The final insult came with the announcement that there were no post-match butties (probably because this is not a Welsh practise). Back in the safety of the Tavern I decided that it was time to do some raw head-on interviewing. First I tried to interview Wendy Brown, but she had gone home in a huff. Bob had gone home in his car. Most unlike Wendy but she has had a tough week. Wendy, as my regular readers will know, is from Liverpool, and there has been a spot of family bother recently. Her niece, Tracey was up before the magistrates with her boyfriend, Darren. They had both been found in flagrante underneath the fence at Becher’s Brook on the night before the Grand National earlier this year. The case was harrowing and the evidence embarrassing, but in the end the couple decided to plead guilty and asked for twenty seven other fences to be taken into consideration. Father Donald, from Darren’s local church remonstrated with him for his actions but Darren threw a bottle of disinfectant at the holy man, which resulted in his being fined for a bleach of the priest.

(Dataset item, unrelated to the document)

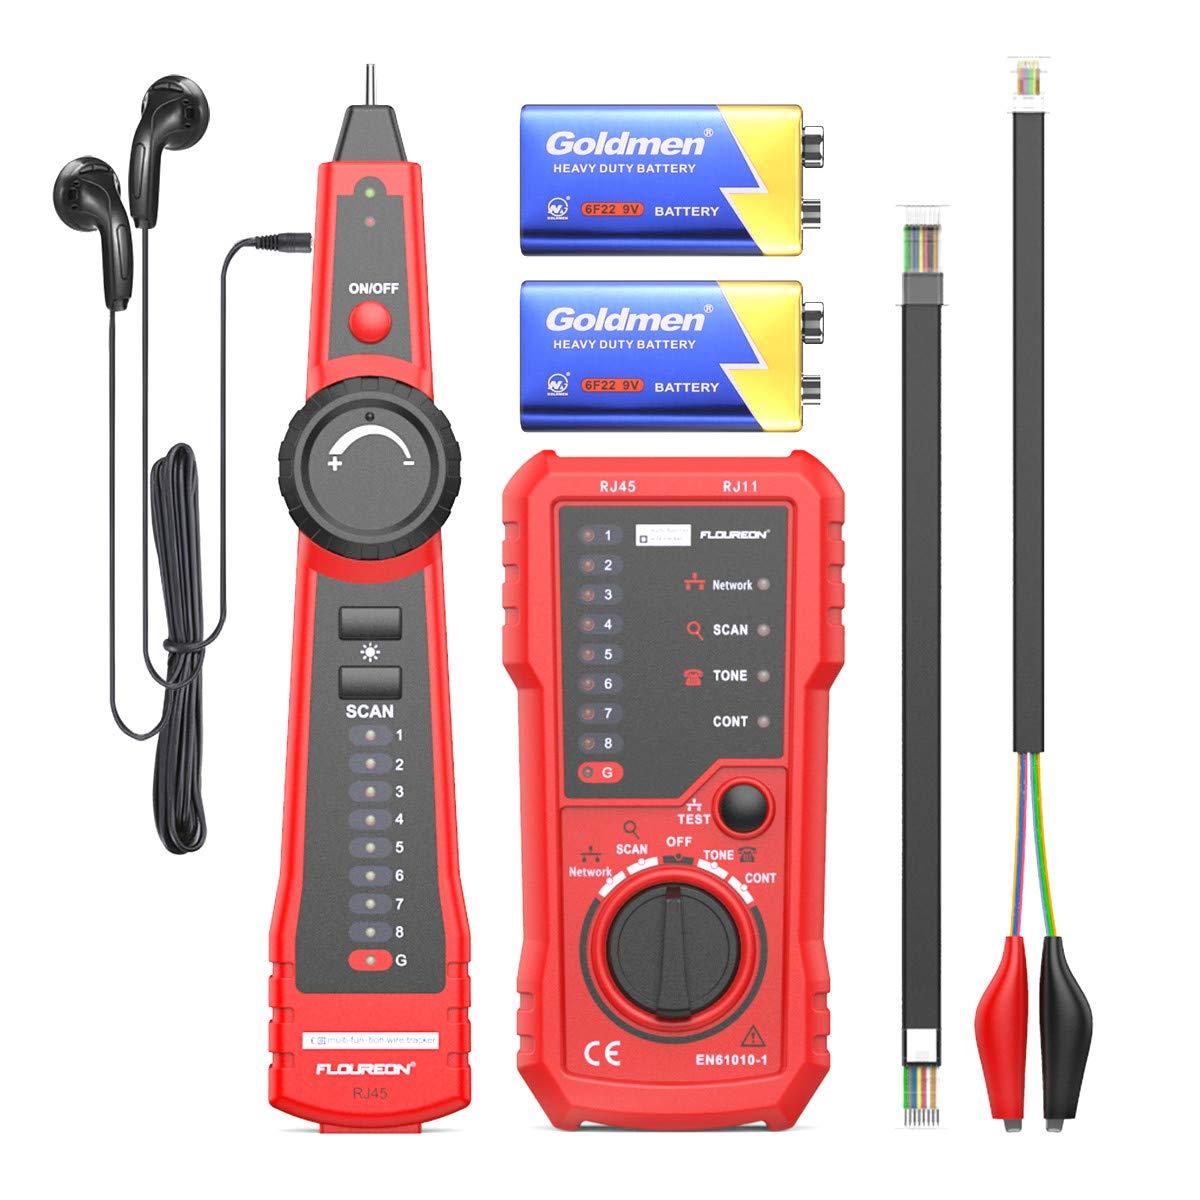 RJ11 RJ45 Cat5 Cat6 Telephone Wire Tracker Tracer Toner Ethernet LAN Network Cable Tester Detector Line Finder Tool
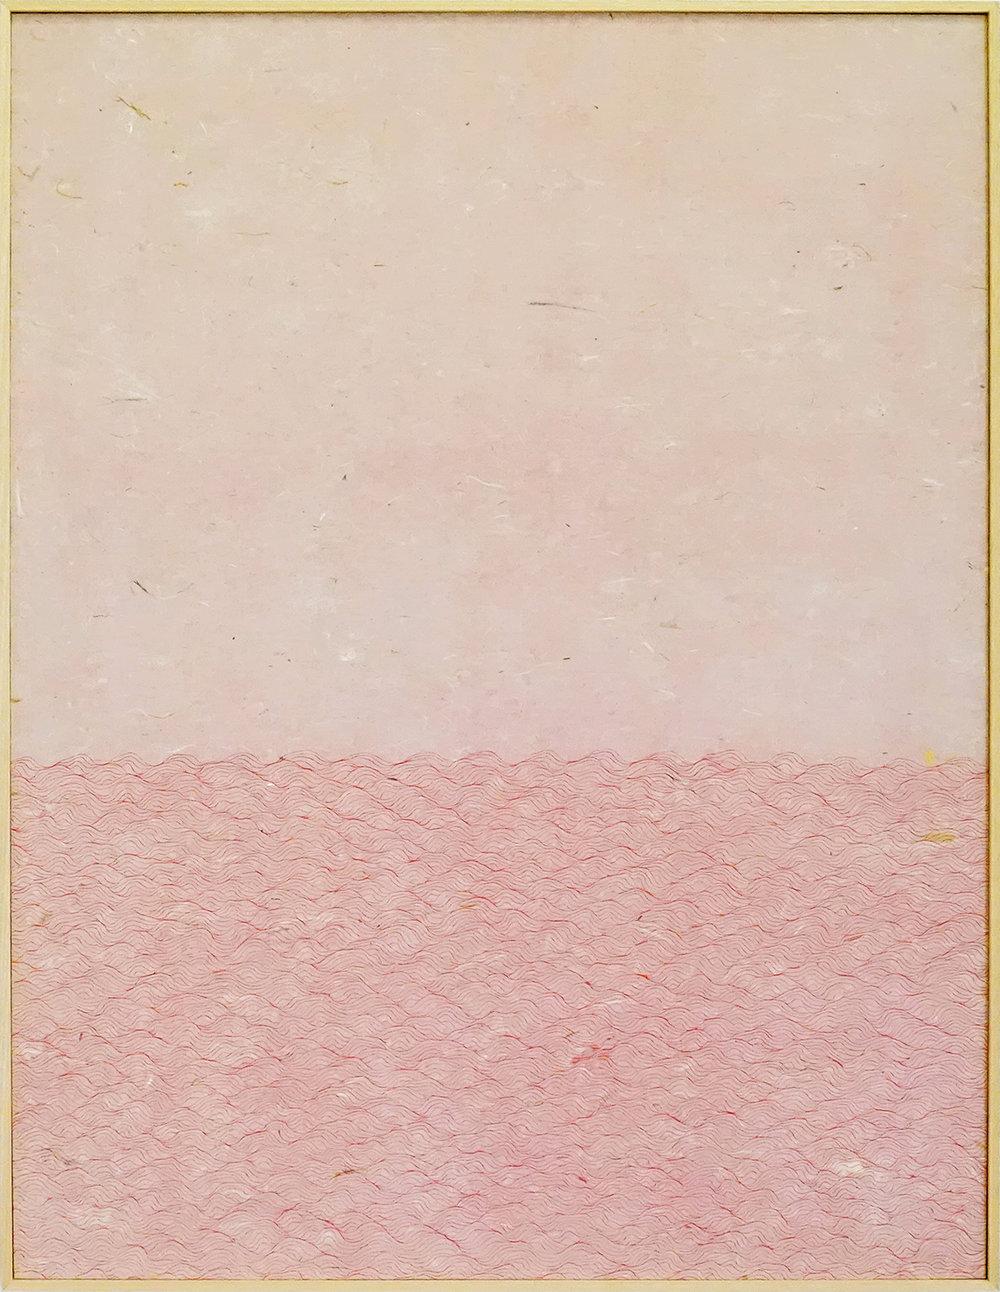 Zhou Jianjun 周建军, Red 红色, 2013, Ink on paper 纸本水墨设色, 93 x 122 cm

So I interviewed Nick Peck, alias “The Prince of Wails”. He was, understandably, unimpressed…

“I signed the effin’ petition to keep that effin’ pub open and I’m sorry I effin’ did now. You couldn’t hear yourself effin’ speak and I didn’t know that smoking was effin’ COMPULSORY in that effin’ place. And as for having no effin’ butties, well, I’m effin’ etc. etc.

Then I interviewed Tommo Cooper, who was much more philosophical about the whole thing. After checking that he was not, and had never been, a member of Plaid Cymru, he offered the following quote.

“It was OK, but I’m very, very hungry. Do you have any sandwiches about your person? Looking on the bright side we are still in the plate and plates are what I need. Cups I’ve got, but I broke two plates last week. Are you sure that’s not a sausage in your pocket?”

Clearly the Wonderers should sit down in a pub of their choice and ask themselves why they did not take the advice I offered last week. If they would have been in a proper frame of mind they would have claimed that having no butties after a competitive match was a breach of their Human Rights and should incur a four point penalty to the opposite team – that would have been it – job done! As it is, they can concentrate on the misery of the league.

As they say, you can lead a horse to water but you can’t put your eggs in one basket.

My advice is to keep trying, and remember, if all is not lost, then where is it?